*How to complete this task*: Reproduce verbatim all of the data given below, but do not carry over the images.

*Dataset extract*:

☆ ☆ ☆ ☆

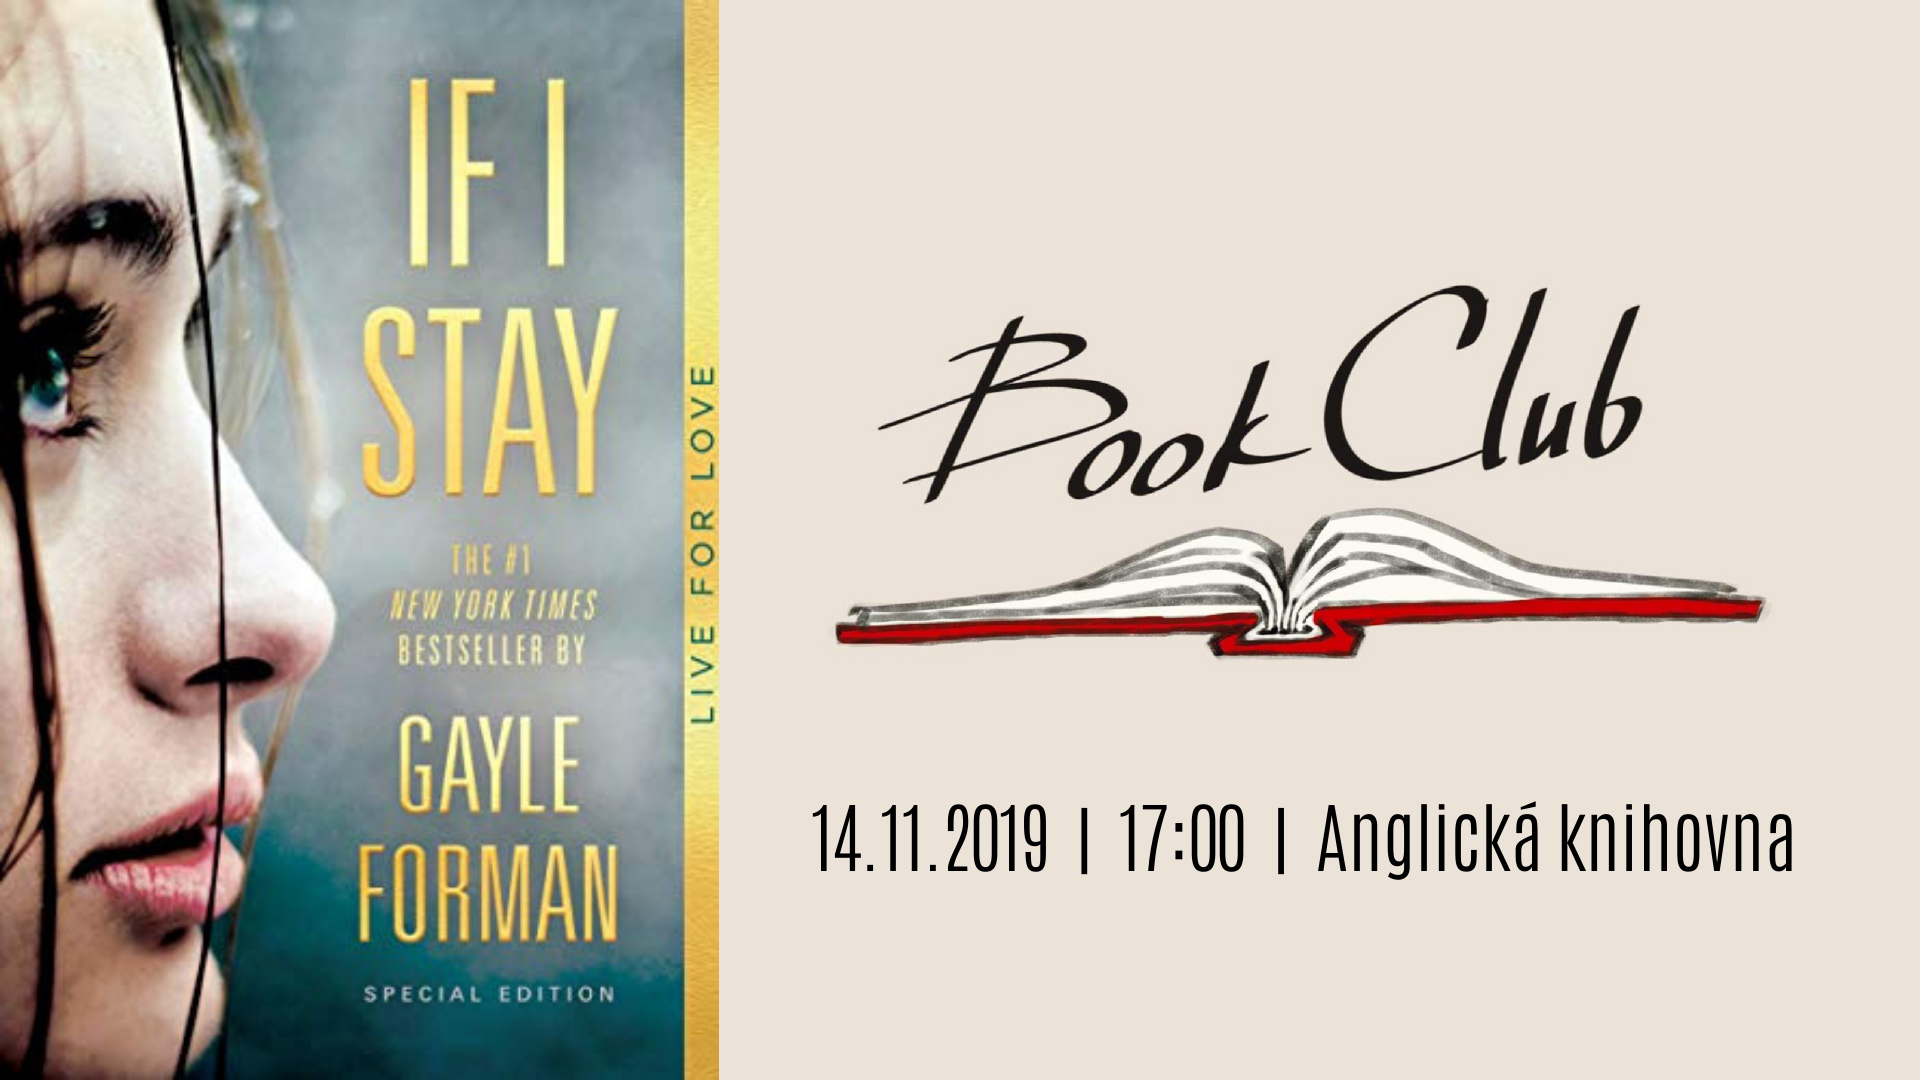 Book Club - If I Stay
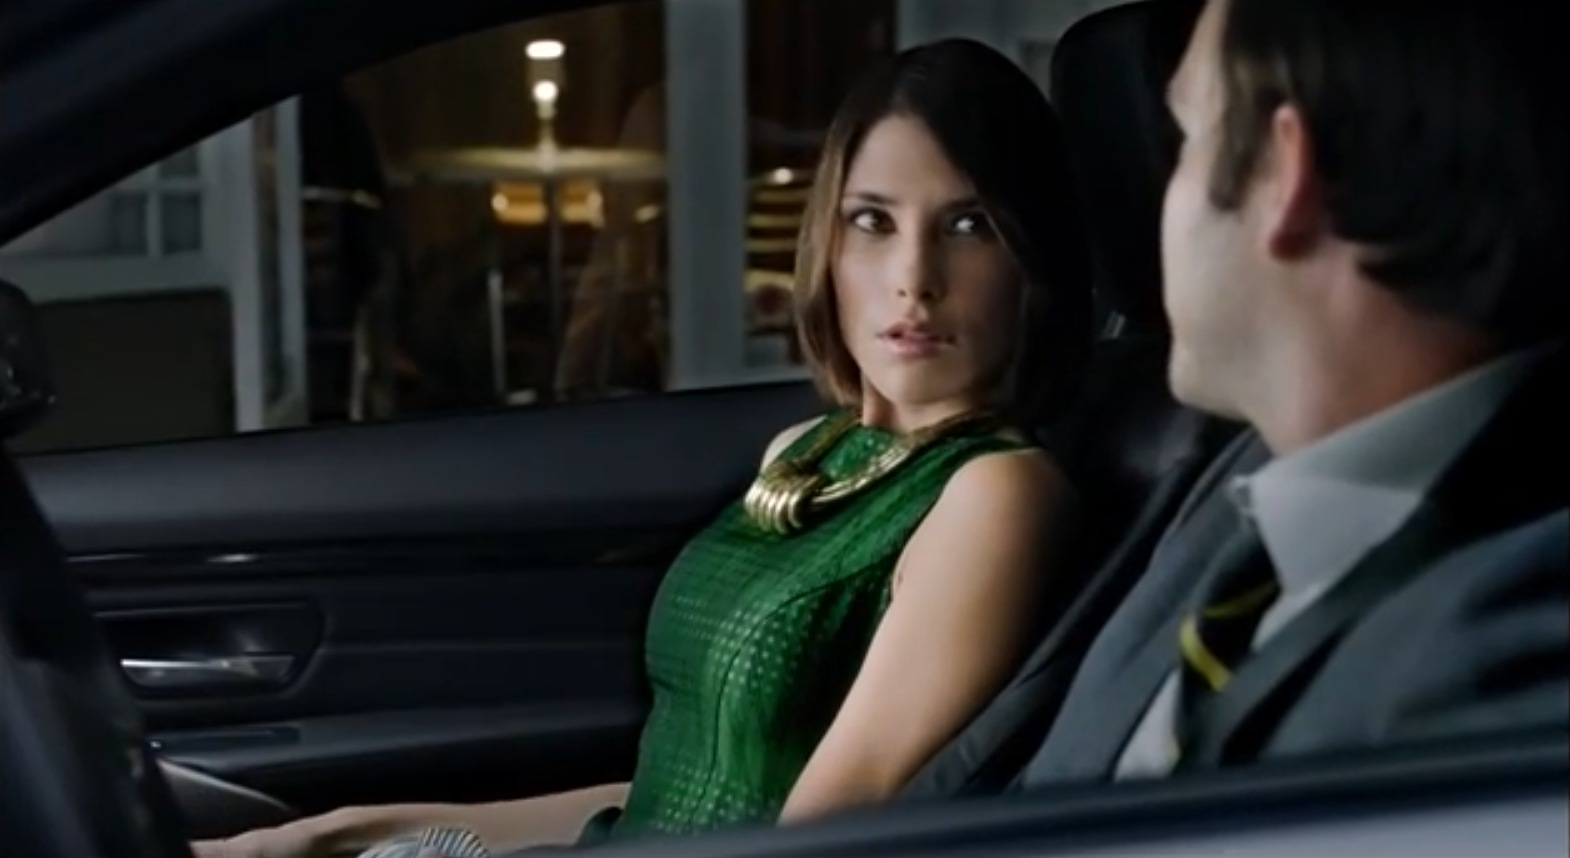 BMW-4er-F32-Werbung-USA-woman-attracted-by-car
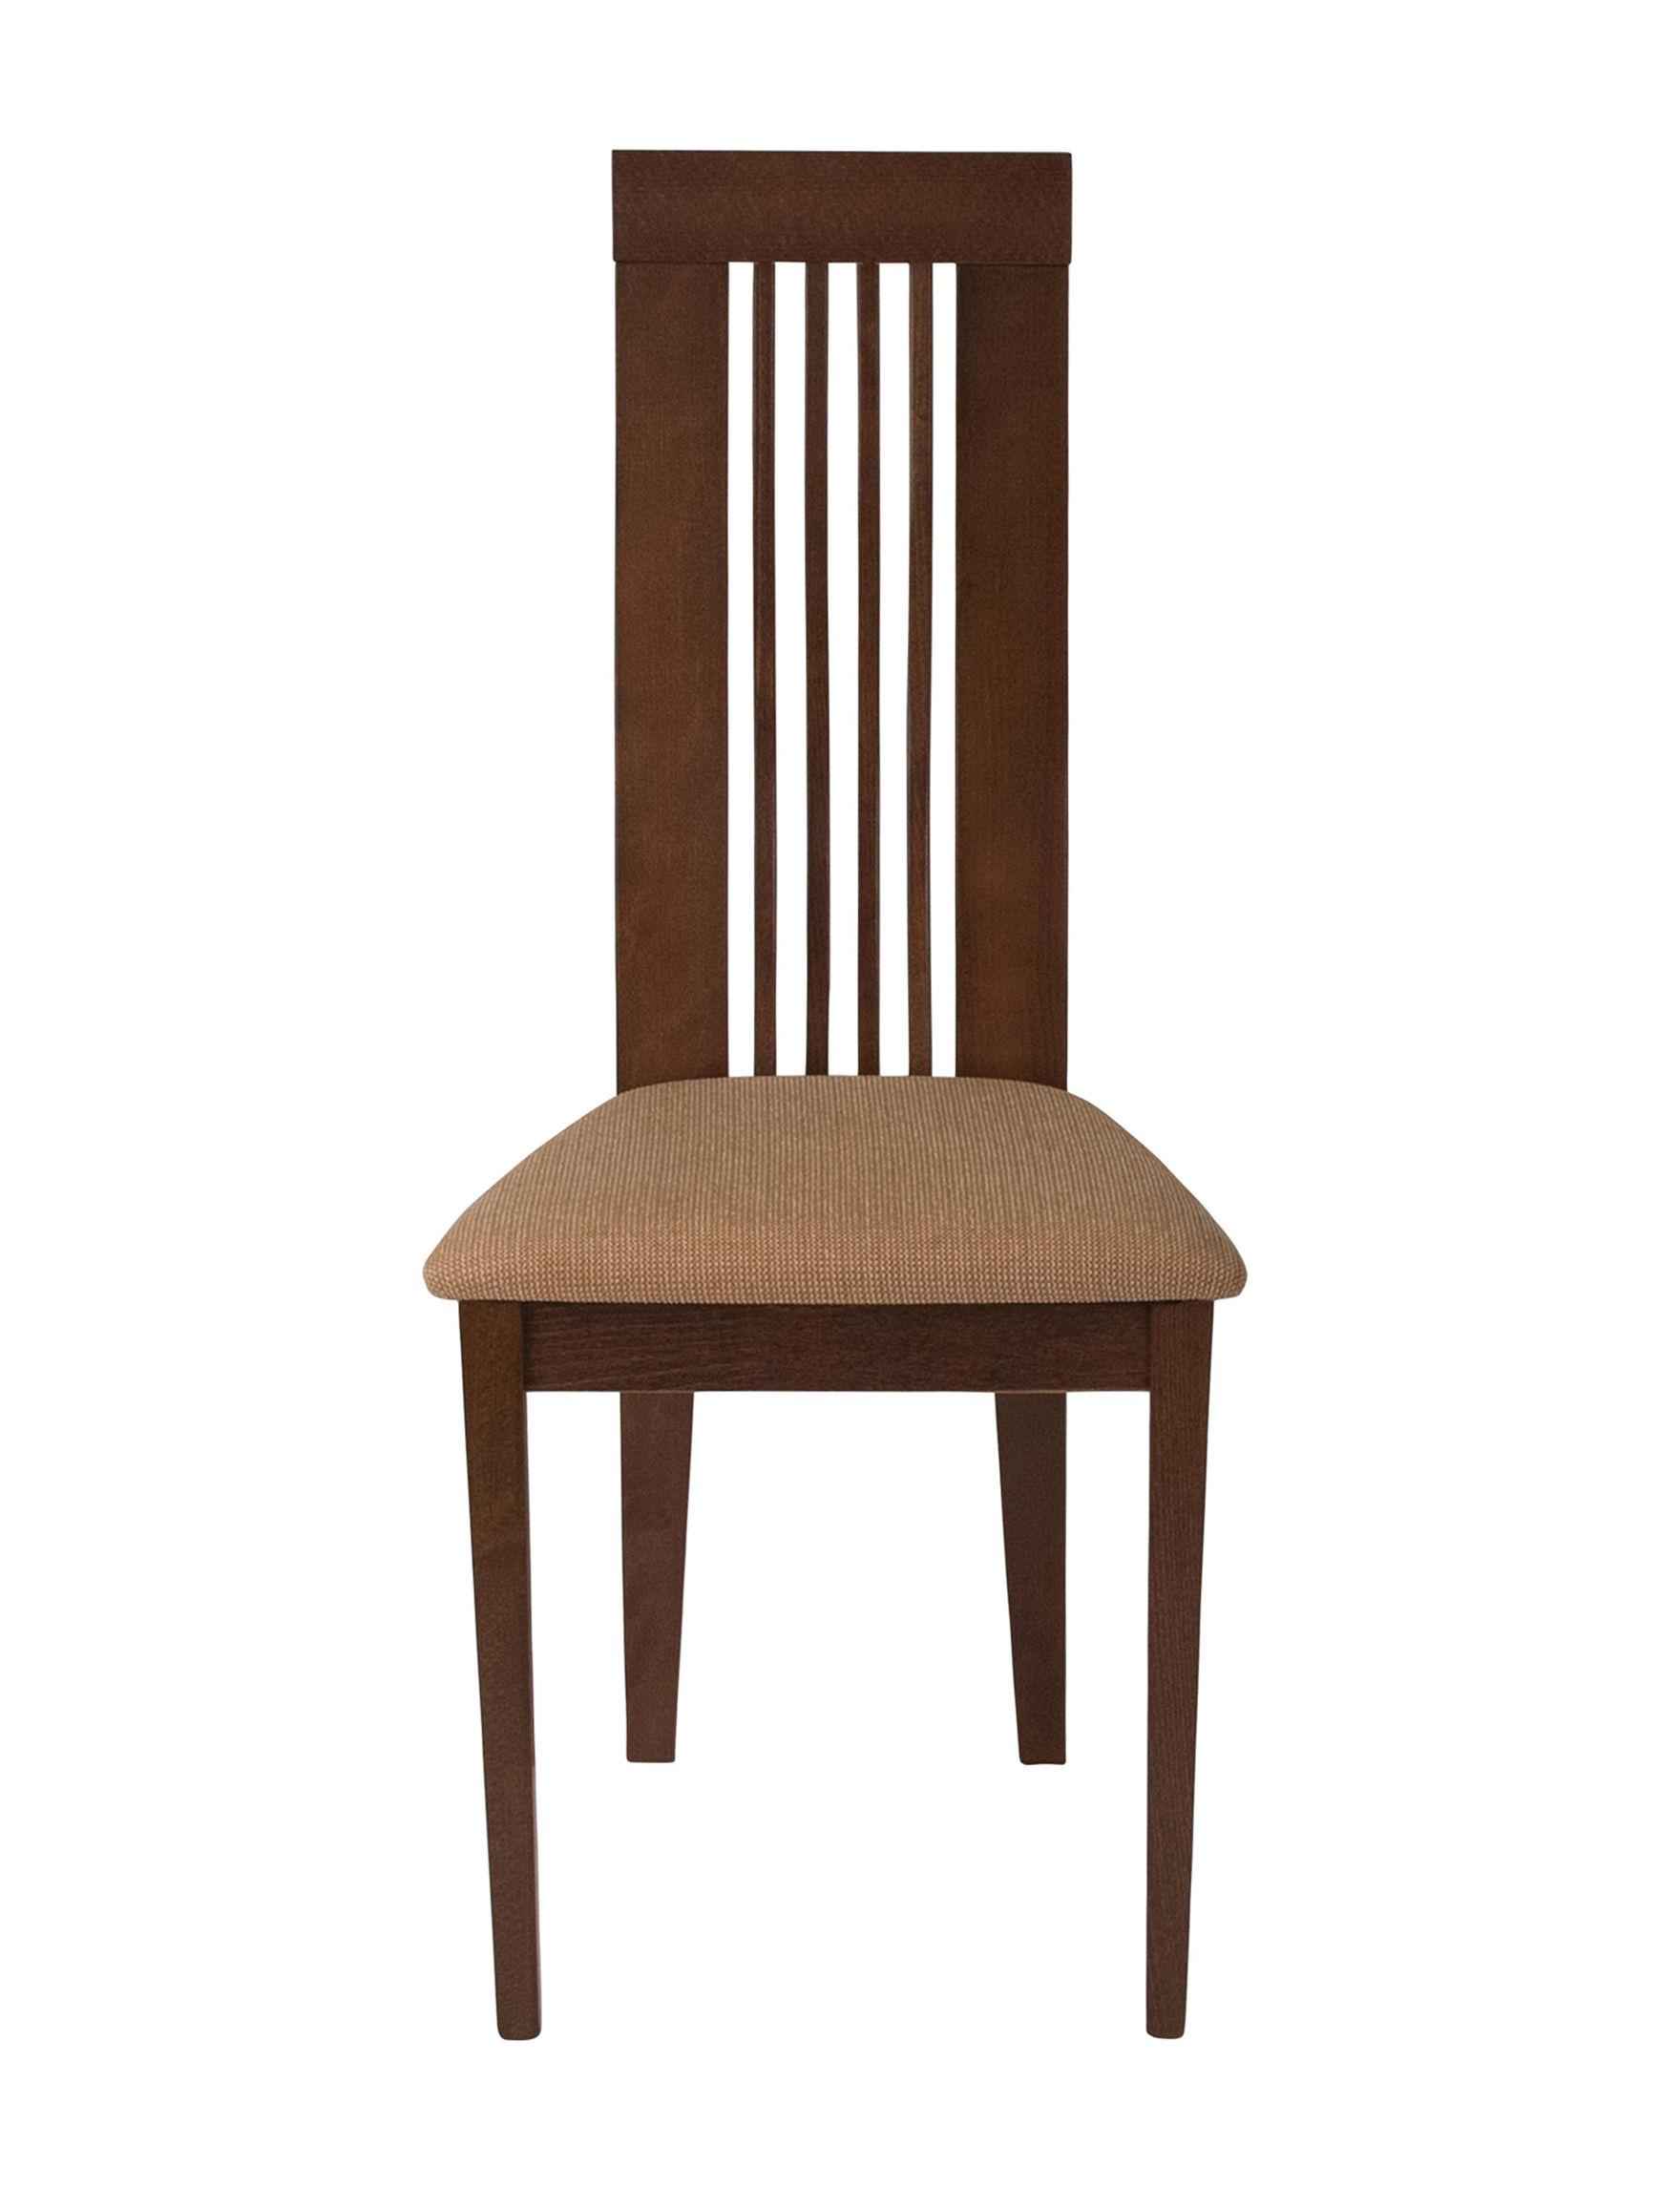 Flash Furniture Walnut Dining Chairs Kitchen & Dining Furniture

☆ ☆ ☆ ☆

*Your response*:
 Book Club - If I Stay
 BMW-4er-F32-Werbung-USA-woman-attracted-by-car
 Flash Furniture Walnut Dining Chairs Kitchen & Dining Furniture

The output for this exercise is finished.